Dans une interview récente, Mahmoud Rechidi, le porte parole du parti socialiste des travailleurs (PST), met les pieds dans le plat: "Le programme du libéralisme économique qu’on veut imposer aux travailleurs et aux masses populaires, préconisé régulièrement par le FMI et la Banque mondiale, vise la remise en cause de nos acquis sociaux, de notre souveraineté sur nos richesses et de notre indépendance nationale. L’offensive libérale, qui se décline sous forme d’une transformation radicale de l’édifice juridique actuel, est en réalité une tentative sans précédent du pouvoir pour imposer les intérêts du patronat et de l’oligarchie contre ceux de la classe ouvrière et des masses populaires".

Nota-bene. En physique, l'implosion est un ensemble d'explosions combinées de façon à faire sentir leurs effets vers un centre. Au figuré, le terme implosion est utilisé pour désigner la désagrégation, l'effondrement interne d'un système.

POST-SCRIPTUM

La crise politique que traverse le pays permet-elle ces réformes ?
Question à Mustapha Mekideche, vice-président du CNES.
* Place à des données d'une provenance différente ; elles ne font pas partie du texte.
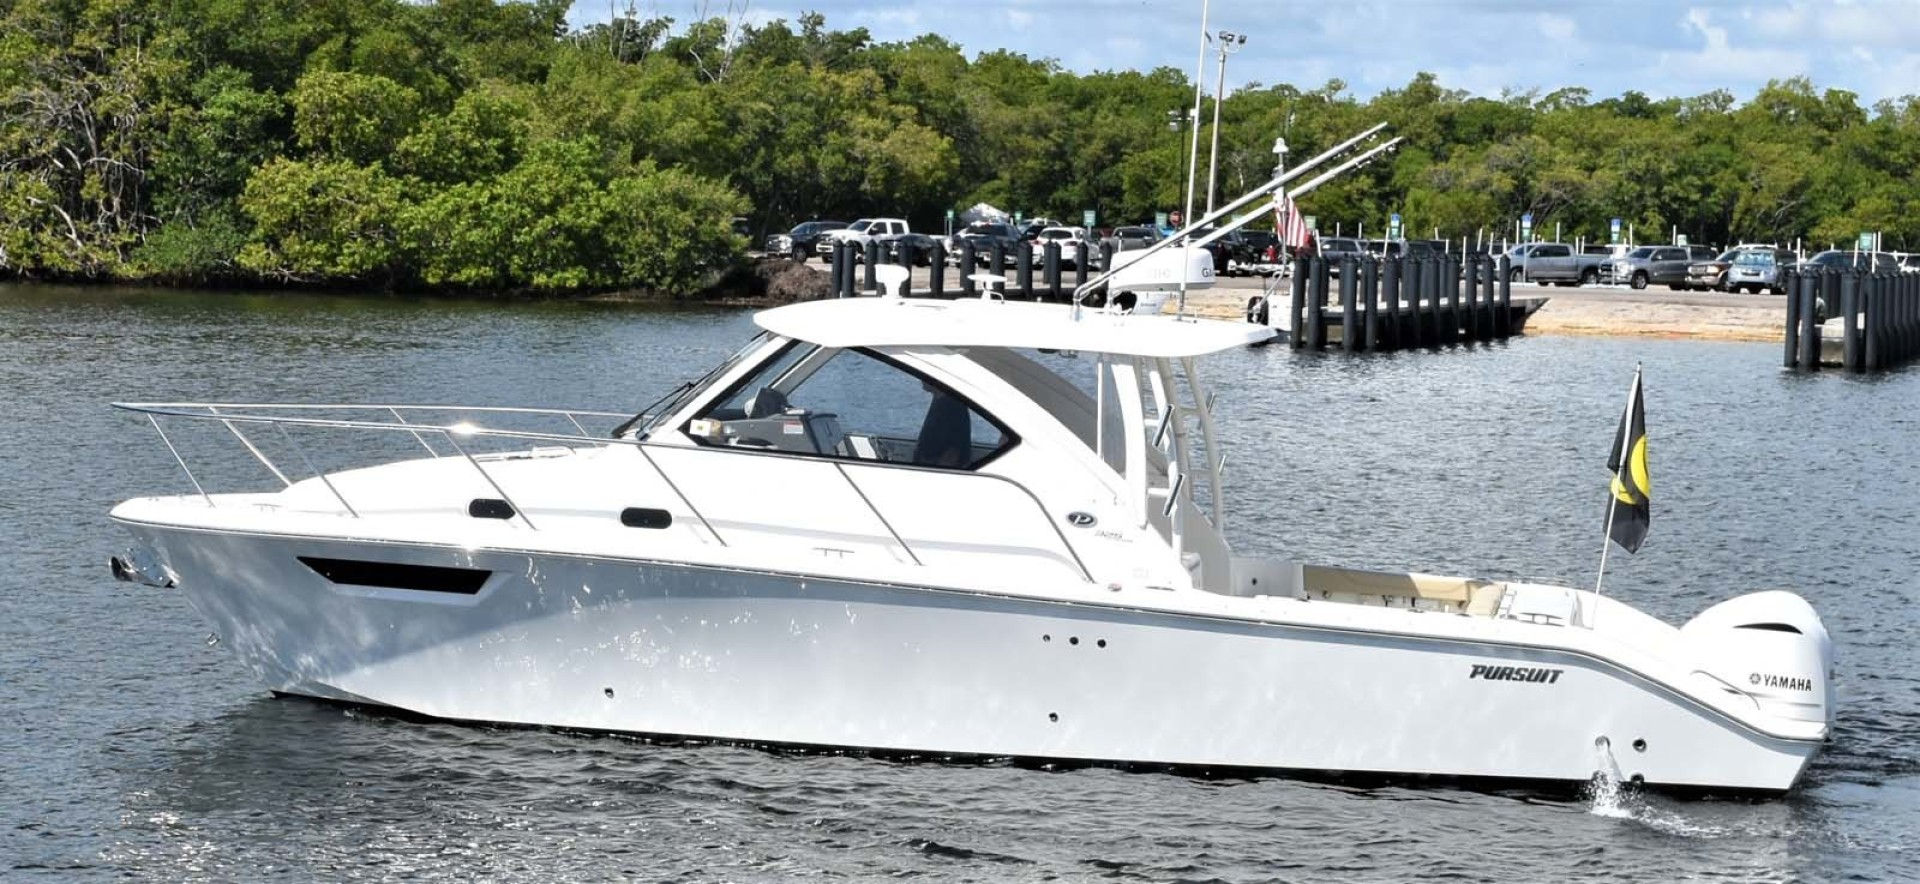 Pursuit-325 Offshore 2020-Coo Coo Miami-Florida-United States-Port Profile-1475271 | Thumbnail
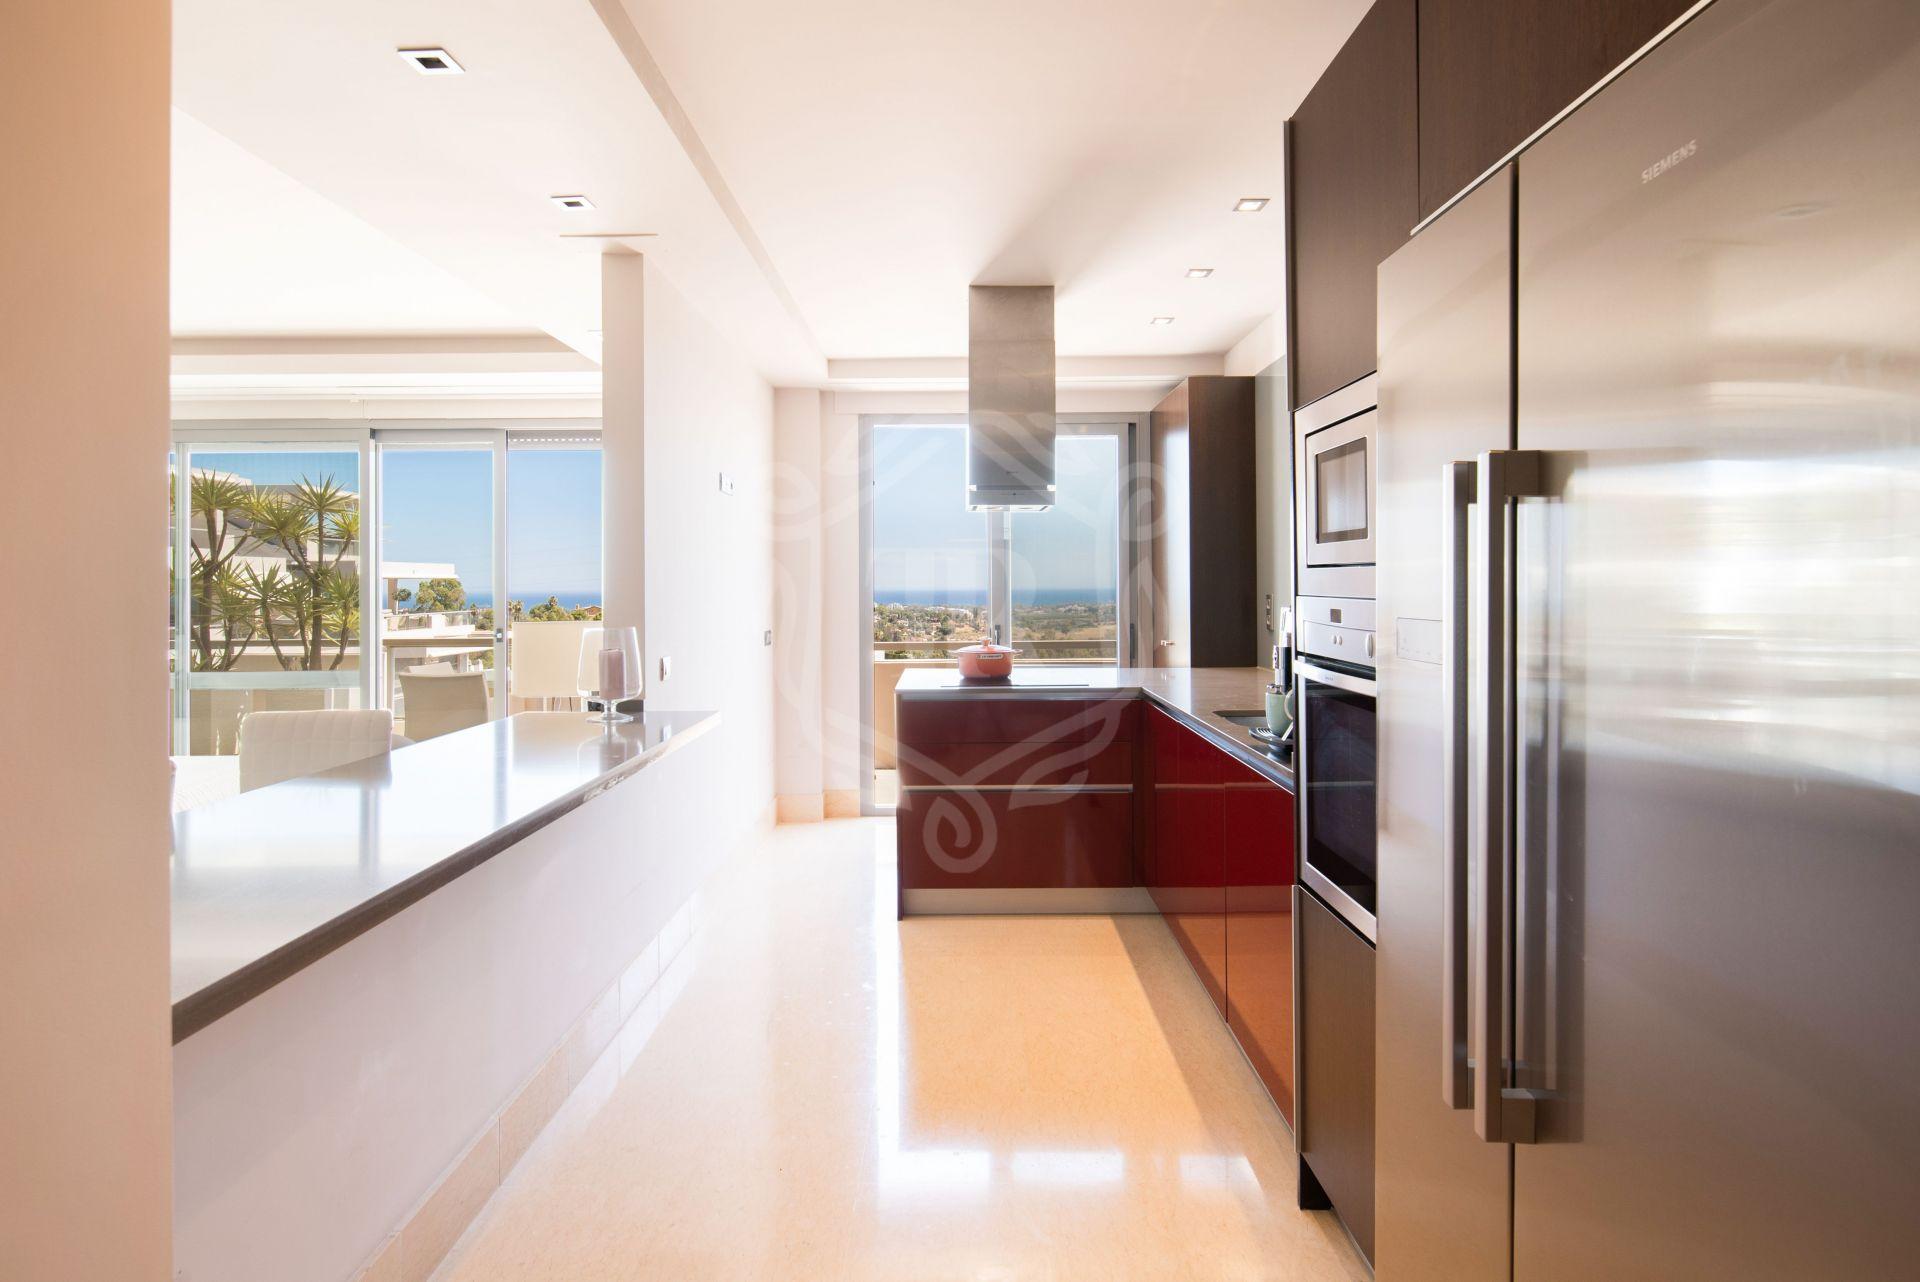 Penthouse for sale in Los Arrayanes Golf, Benahavis

"Vous parlez de crise politique ou de crise pour la prise du pouvoir ? Une crise politique vient lorsqu’il y a des programmes alternatifs à proposer pour la gestion du pays. Personnellement, et sur la crise dont on parle, je n’ai pas vu beaucoup de programmes proposés au sein de la classe politique. Peut-être que cela a été sous-estimé ; d’ailleurs, les pouvoirs publics aussi l’ont sous-estimée… Si nous avions une culture démocratique d’alternance quant aux solutions proposées pour sortir de la crise et faire émerger une économie performante, ce serait mieux et c’est autour de cela que les clivages peuvent se faire. Or, nous sommes sur des lignes de clivage qui ne sont pas essentielles."